Q[3]: Speaker 1: 'Are you able to carry the box?' Speaker 2: 'It is as light as a feather.'

Q[4]: Speaker 1: 'Is it hot outside?' Speaker 2: 'You could fry an egg on the sidewalk.'

5.2.1. Changing the data format#

How about using JSON instead of this line-by-line format?

modified_mprompt = mprompt.clone().rebind({r"data_formatter": JSONDataFormatter()})

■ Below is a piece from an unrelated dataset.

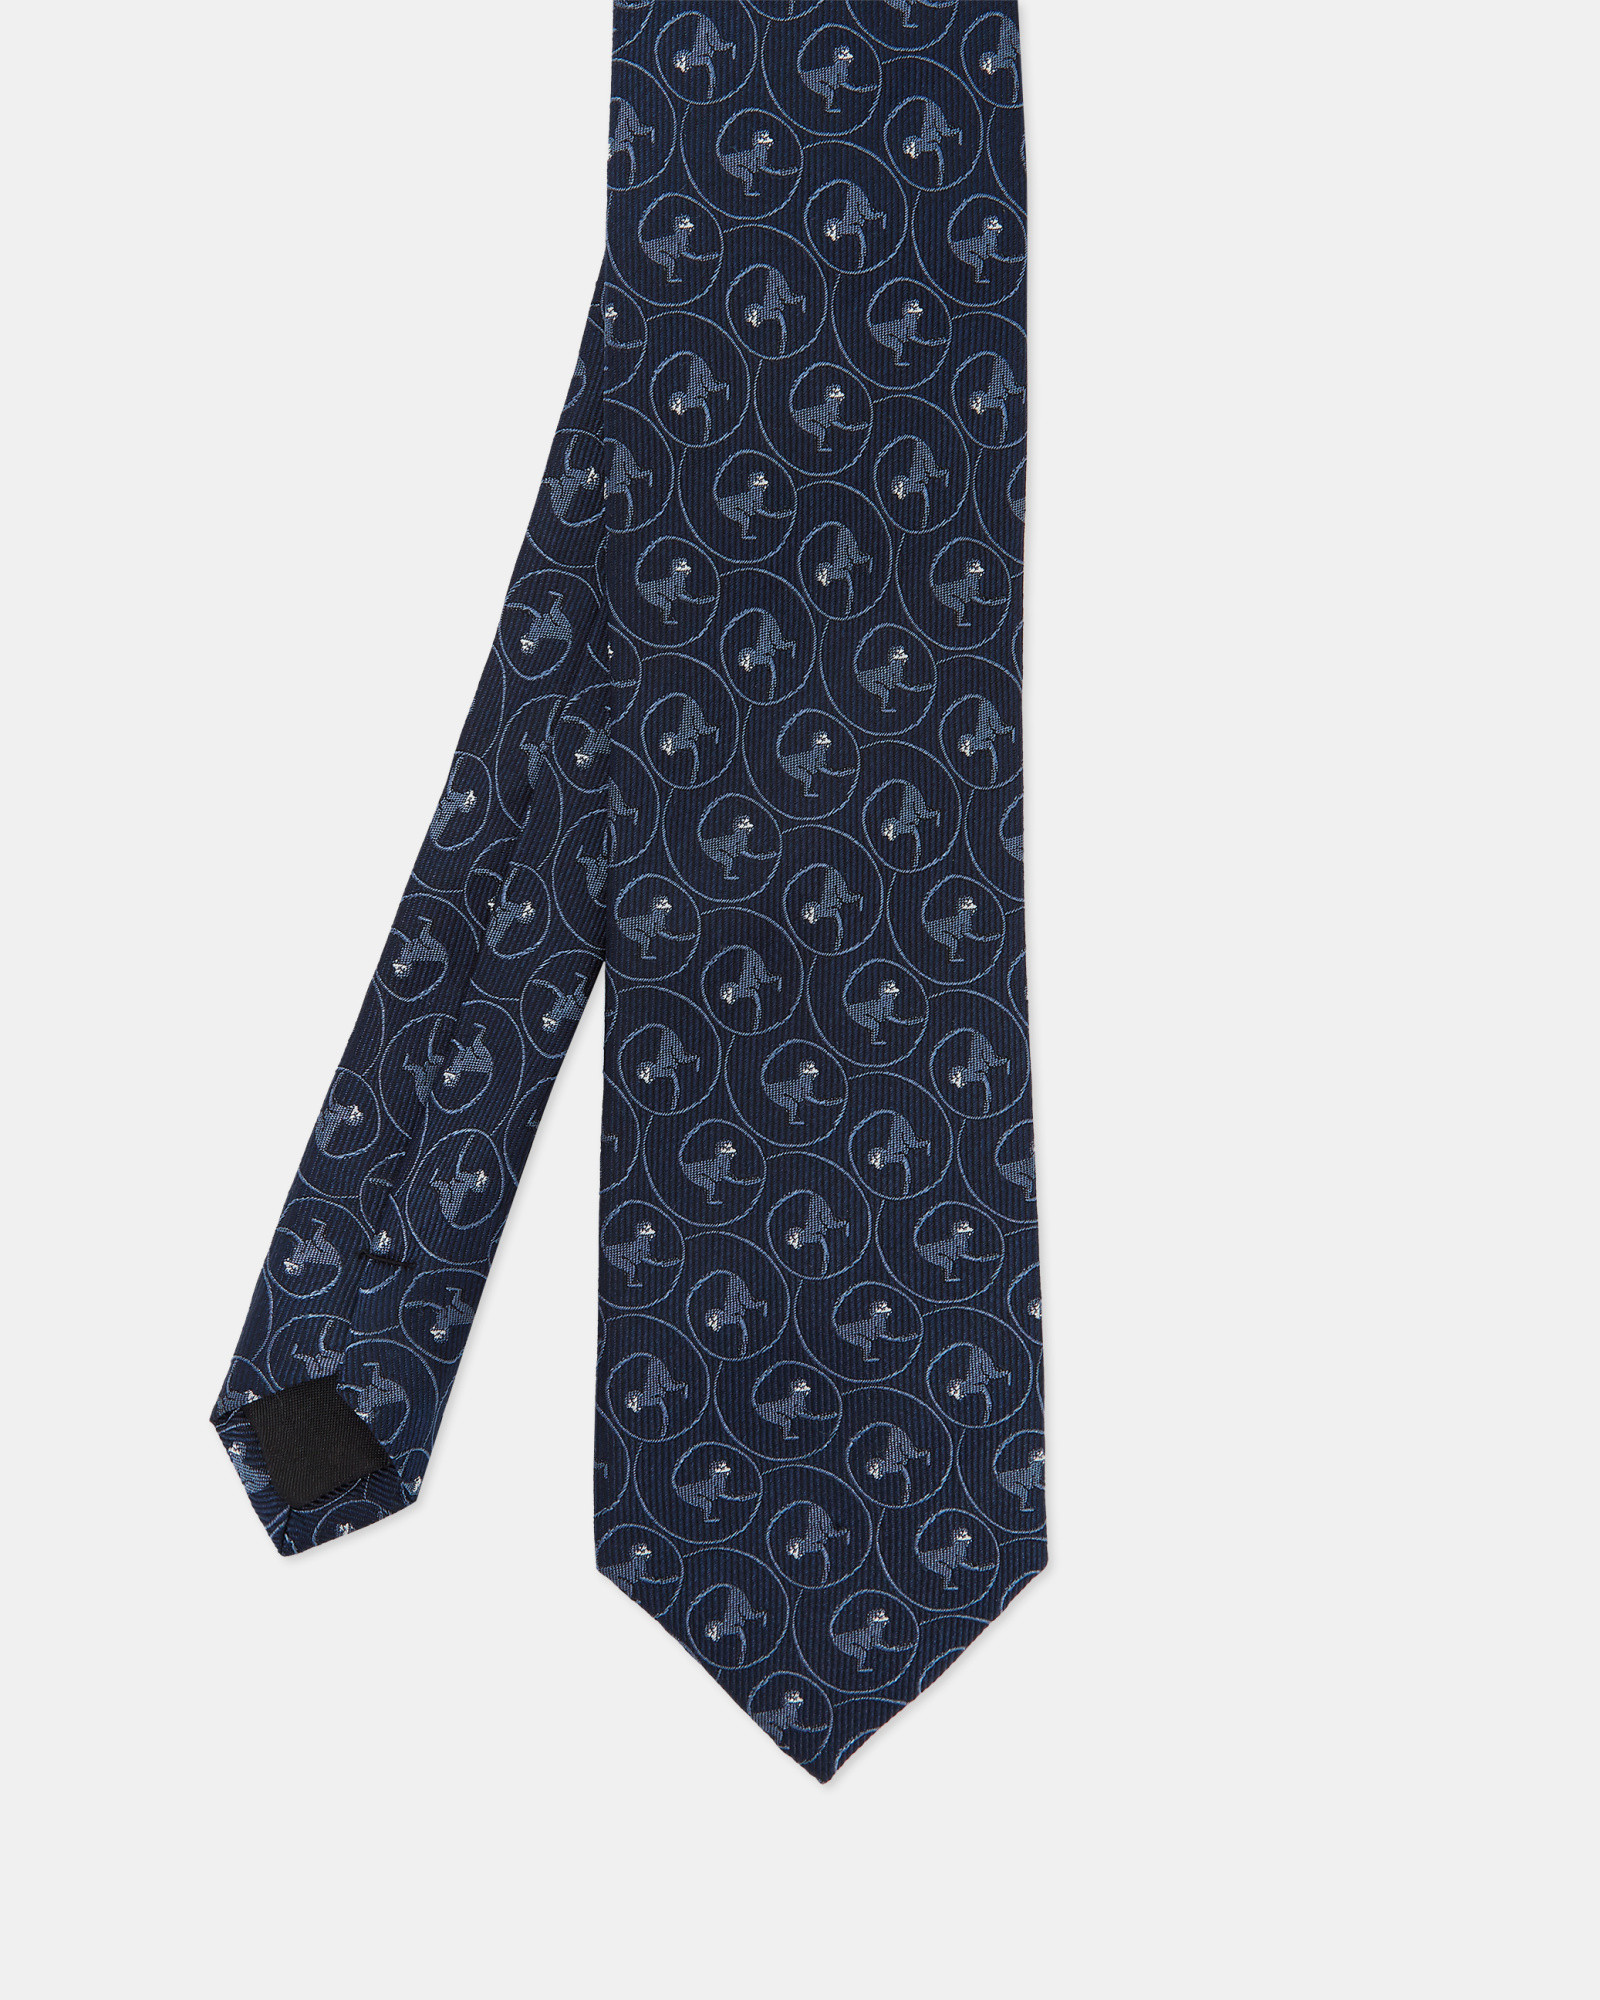 WIRRET Monkey print jacquard silk tie
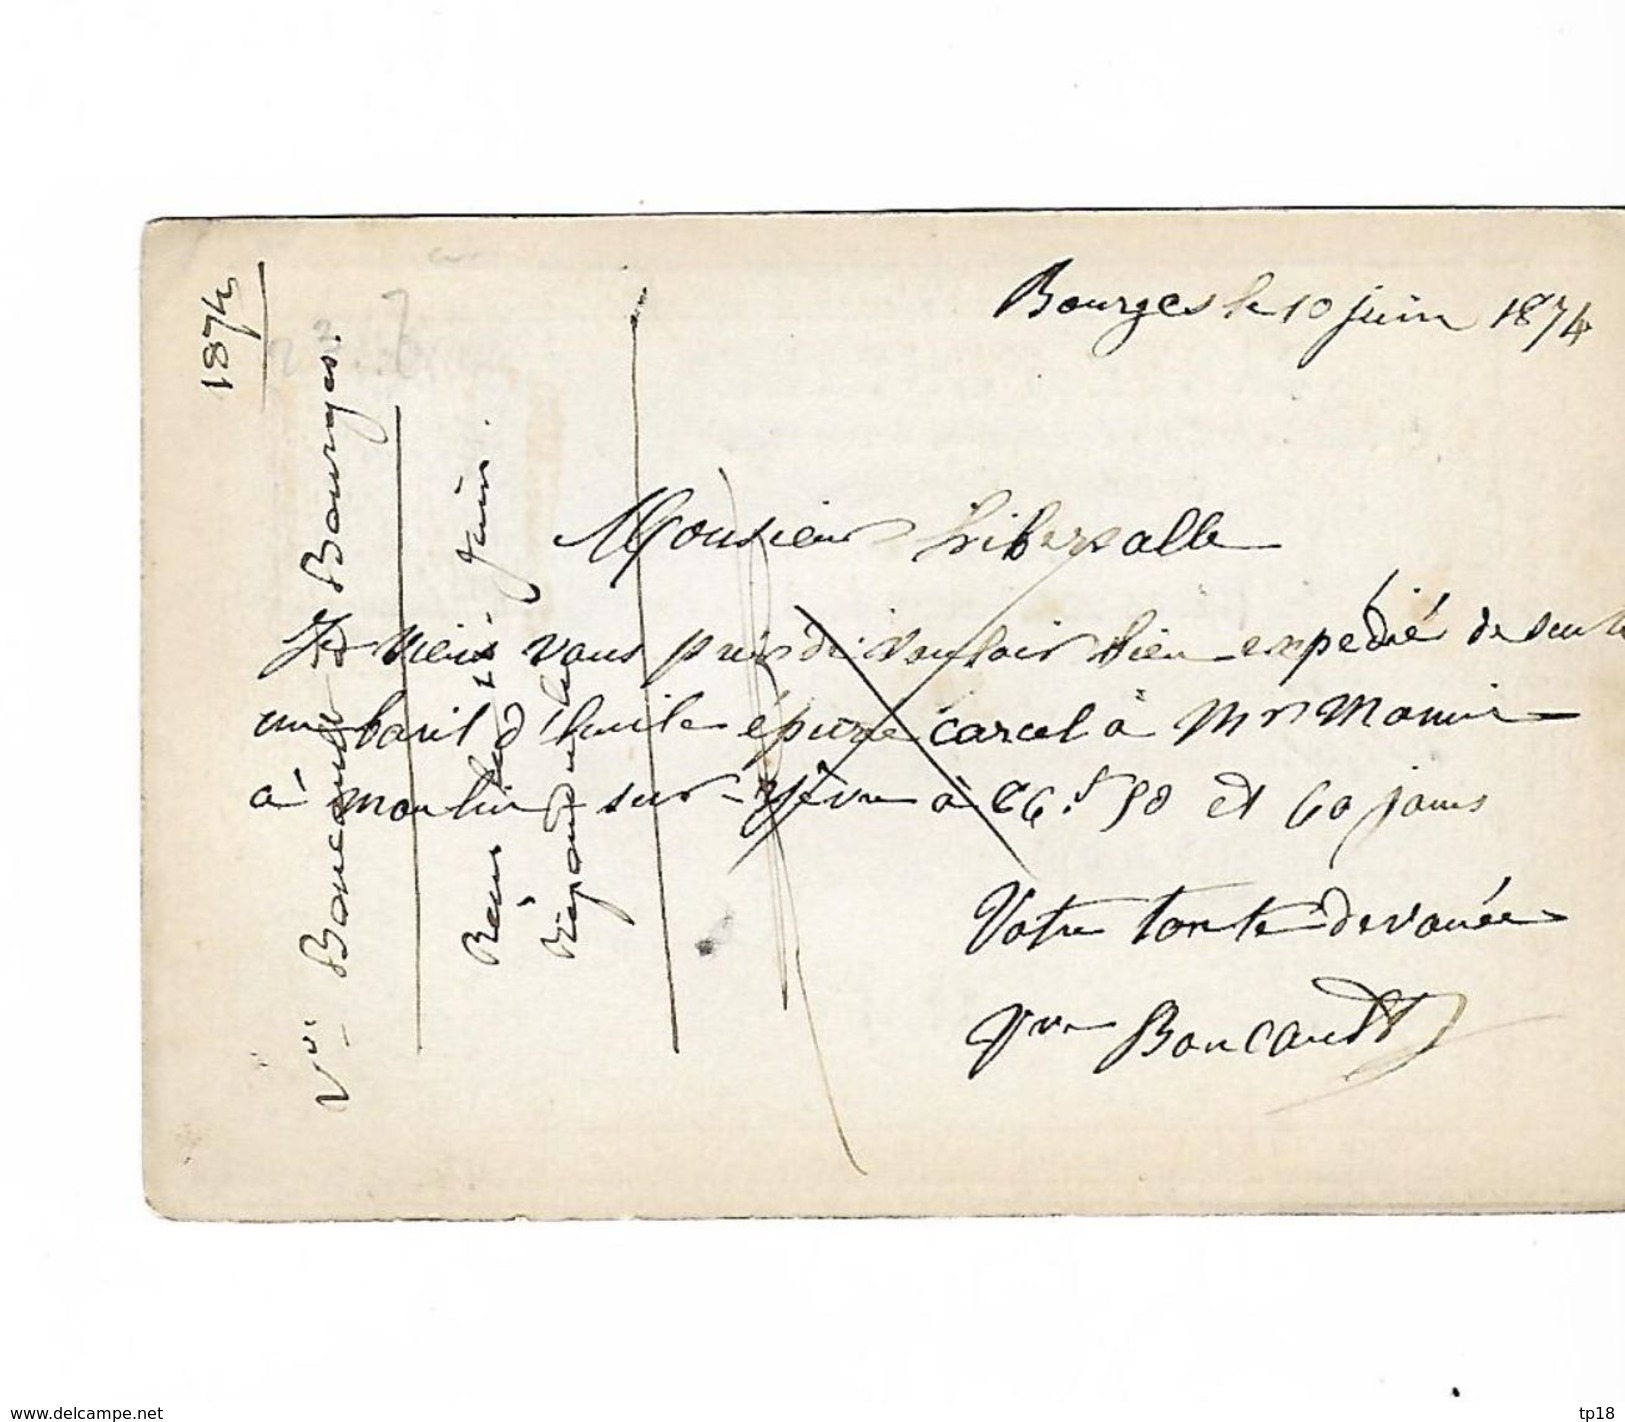 Cartes Postale De Bourges A Paris 1874  Destinée A Circuler En France Et En Algérie Gros Numéro 574 - Cartes Précurseurs

Voilà! Let’s run it on the data.

result = Output(
    modified_mprompt.with_extractor("empty_result"), minibatch_size=5, on_error="empty_result"
).run(runner, sample)
result[:5]
minibatches[###################################################################################]2/2[00:03<00:00, 0.62it/s]
+--------------------------------------------------------------+----------+
| input                                                        | output   |
+==============================================================+==========+
| Speaker 1: 'You do this often?' Speaker 2: 'It's my first    | no       |
| time.'                                                       |          |
+--------------------------------------------------------------+----------+
| Speaker 1: 'Are you trying to make me mad?' Speaker 2: 'I'm  | no       |
| just saying, I'd understand if you were upset. '             |          |
+--------------------------------------------------------------+----------+
| Speaker 1: 'You want answers?!' Speaker 2: 'I want the       | no       |
| truth.'                                                      |          |
+--------------------------------------------------------------+----------+
| Speaker 1: 'Are you able to carry the box?' Speaker 2: 'It   | yes      |
| is as light as a feather.'                                   |          |
+--------------------------------------------------------------+----------+
| Speaker 1: 'Is it hot outside?' Speaker 2: 'You could fry an | no       |
| egg on the sidewalk.'                                        |          |
+--------------------------------------------------------------+----------+
Constants: {'instructions': "Does Speaker 2's answer mean yes or no? "}
print(result.outputs.llm_requests[0][0])
# Instructions
Does Speaker 2's answer mean yes or no? 

# Examples
[{"id": 0, "input": "Speaker 1: 'Should I bring my umbrella?' Speaker 2: 'Better safe than sorry.'", "output": "yes"}, {"id": 1, "input": "Speaker 1: 'Do you have a girl worth fighting for?' Speaker 2: 'Wish that I had.'", "output": "no"}, {"id": 2, "input": "Speaker 1: 'Do you think I should attend the interview?' Speaker 2: 'Do you want to be a failure for the rest of your life?'", "output": "yes"}]


Output labels: yes, no


[{"id": 0, "input": "Speaker 1: 'You do this often?' Speaker 2: 'It's my first time.'"}, {"id": 1, "input": "Speaker 1: 'Are you trying to make me mad?' Speaker 2: 'I'm just saying, I'd understand if you were upset. '"}, {"id": 2, "input": "Speaker 1: 'You want answers?!' Speaker 2: 'I want the truth.'"}, {"id": 3, "input": "Speaker 1: 'Are you able to carry the box?' Speaker 2: 'It is as light as a feather.'"}, {"id": 4, "input": "Speaker 1: 'Is it hot outside?' Speaker 2: 'You could fry an egg on the sidewalk.'"}]

This is the convinience of using the MetaPrompt class!